Britain's loneliest sheep: SSPCA say no safe solution to save animal while petition for Scotland rescue mission drums up support
Scotland’s national animal rescue charity said there is no suitable solution to rescue ‘Britain’s loneliest sheep’.
The ewe is believed to have been stranded at the bottom of cliffs on Scotland's Cromarty Firth for at least two years, according to Brora resident Jill Turner, who first saw the animal when she was kayaking nearby in 2021.
The sheep’s fleece is overgrown, which is causing concern for its welfare. A petition calling for a rescue mission has gathered more than 52,000 signatures, while a hovercraft company has said it might be able to help. A local farmer has also offered support.
The Scottish SPCA acknowledged the ewe had been stranded “for some time” and that she badly requires sheering. The charity said it had been working on a rescue mission, but so far has been unable to find a safe solution.
An SSPCA spokesperson said: “The area where the sheep is stranded is very inaccessible by both land and sea, making this rescue incredibly complex, especially due to the logistics of rescuing a large animal.
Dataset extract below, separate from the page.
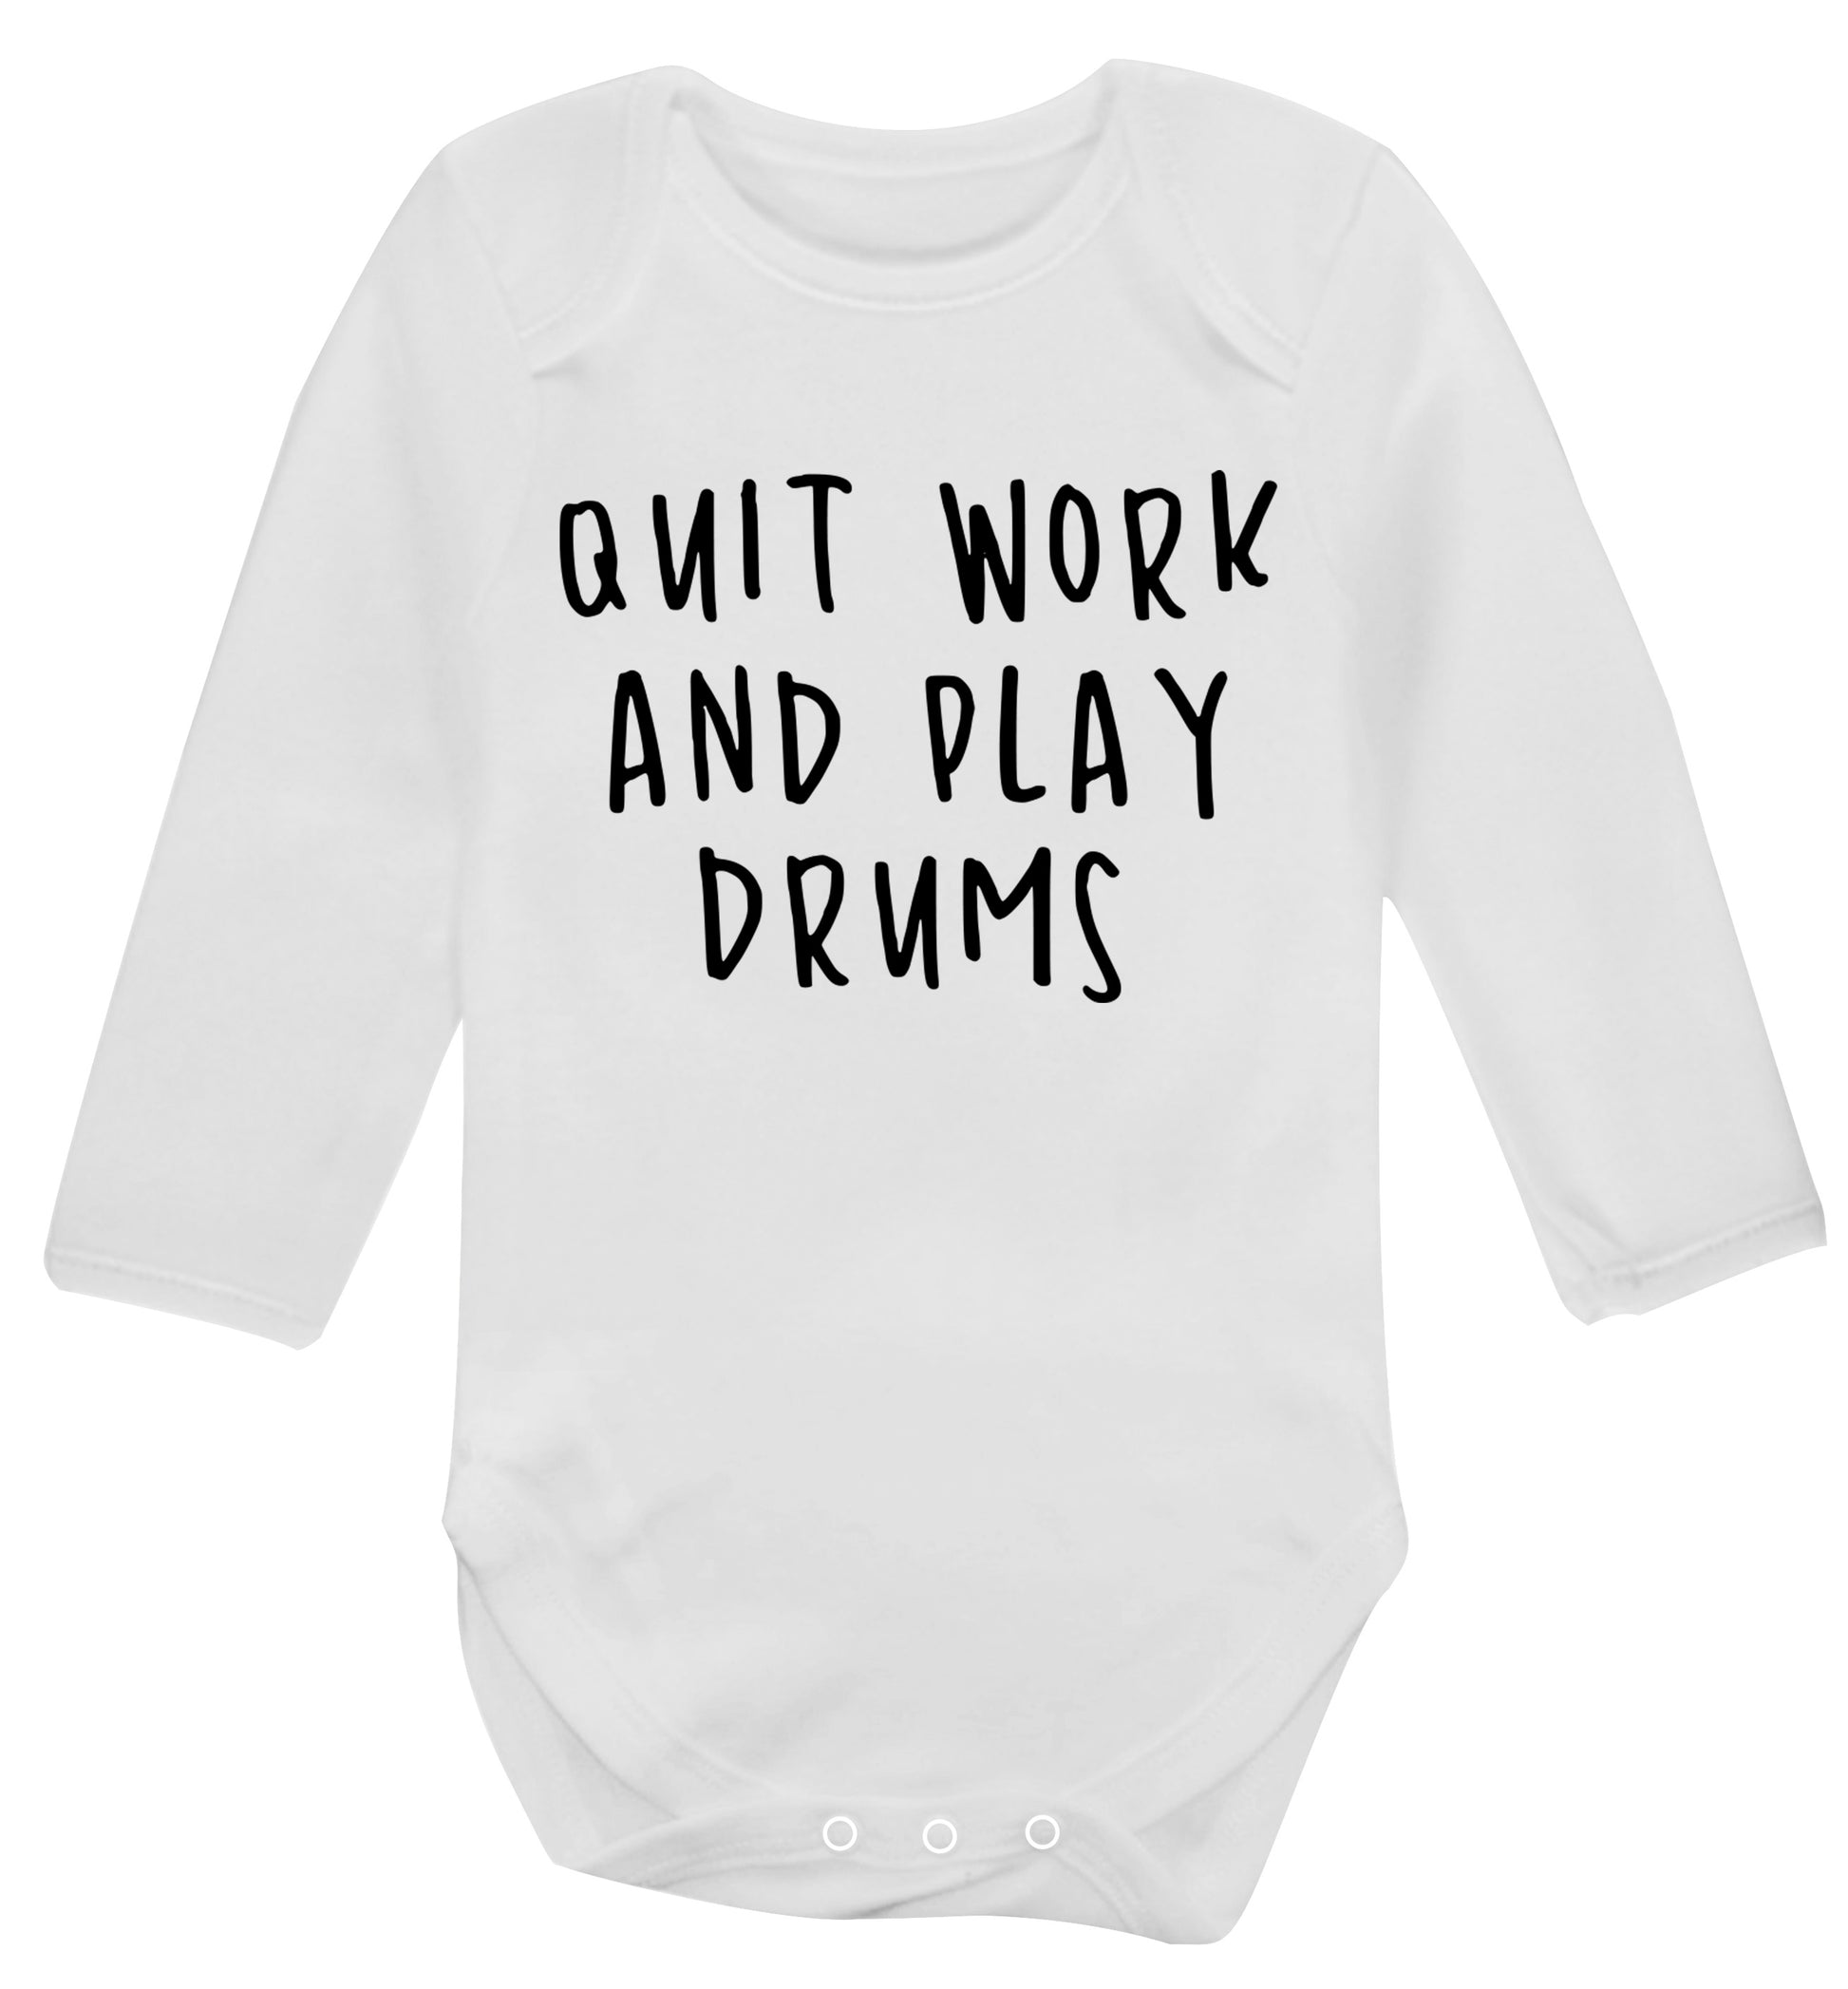 Quit work and play drums Baby Vest long sleeved white 6-12 months

"We have been liaising with other agencies as to the best way to access the area, but so far we have not found a suitable solution that doesn't compromise the safety of the rescue teams and the welfare of the sheep."
The SSPCA said due to the time the ewe had been stranded, it was now deemed to be feral, and likely to be stressed by human contact.
"As this is not a domestic animal, both the coastguard and mountain rescue teams are unable to assist in this matter," the spokesperson said. "We have also spoken with a local skipper who has advised it would be extremely difficult to land a boat in the area.
"We have been given some contact information for other businesses who may be able to help and we are currently exploring these options."
The charity said there were additional complications if a rescue mission was to go ahead. For example, if the sheep becomes distressed, there is a chance it may run into the sea.
SSPCA officers said because the animal’s fleece is so overgrown, it will be difficult to temporarily sedate the animal, which would have assisted with the rescue.
They said the ewe was not in immediate danger and had access to grazing and water. If she is ever rescued, they said she would likely need a specialist home.